Example: Any change you will made in value x will be reflected in value y.
union test{
  int x, y;
};

5. Typedef
Typedef is used to explicitly define any new name to our existing data type. Example:
typedef long int ll;
ll num = 3439;


Datatype Modifiers in C++

A modifier is used to change the basic meaning of our built-in data types like int, float, double, and char so they fit precisely in various situations. There are four types of modifiers available in C++ and these are short, long, signed, and unsigned

Below is the list of datatypes and the amount of memory they required with the range of values that particular datatypes allow. 

Data Type Memory Size Range
int 4 Bytes -2,147,483,648 to 2,147,483,647
signed int 4 Bytes -2,147,483,648 to 2,147,483,647
unsigned int 4 Bytes 0 to 4,294,967,295
short int 2 Bytes -32,768 to 32,767
unsigned short int 2 Bytes 0 to 65,535
unsigned long int 8 Bytes 0 to 4,294,967,295
long long int 8 Bytes -(2^63) to (2^63)-1
unsigned long int 8 Bytes 0 to 4,294,967,295
unsigned long long int 8 Bytes 0 to 18,446,744,073,709,551,615
signed char 1 Byte -128 to 127
unsigned char 1 Byte 0 to 255
wchar_t 2 Bytes or 4 Bytes 1 Wide Character
float 4 Bytes
double 4 Bytes
long double 12 Bytes

Escape Sequences in C++

Characters such as backspace or control characters have no visible image and they are nonprintable.
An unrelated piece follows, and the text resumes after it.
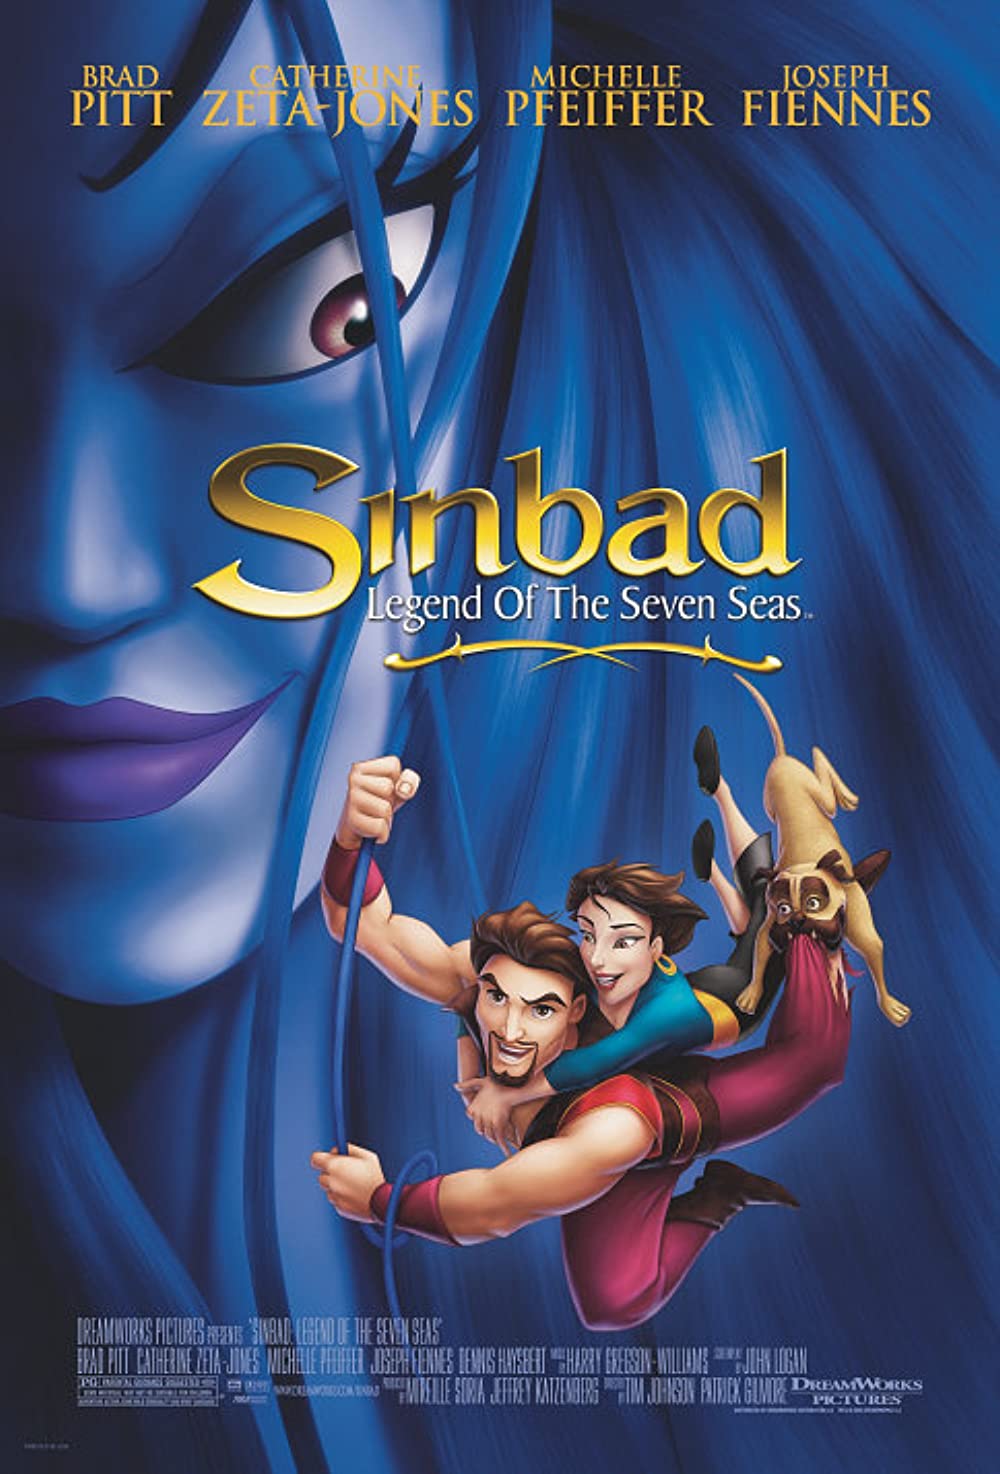 ดูหนังออนไลน์ฟรี Sinbad Legend Of The Seven Seas (2003) ซินแบด พิชิตตำนาน 7 คาบสมุทร หนังเต็มเรื่อง หนังมาสเตอร์ ดูหนังHD ดูหนังออนไลน์ ดูหนังใหม่

Other characters (like single or double quotation marks question marks and backslash) have special meanings in the programming language and you cannot use any of these characters directly. Instead, you need to use an escape sequence to represent such characters.


An Escape Sequence begins with backslash (\) followed by a character or by a combination of digits. 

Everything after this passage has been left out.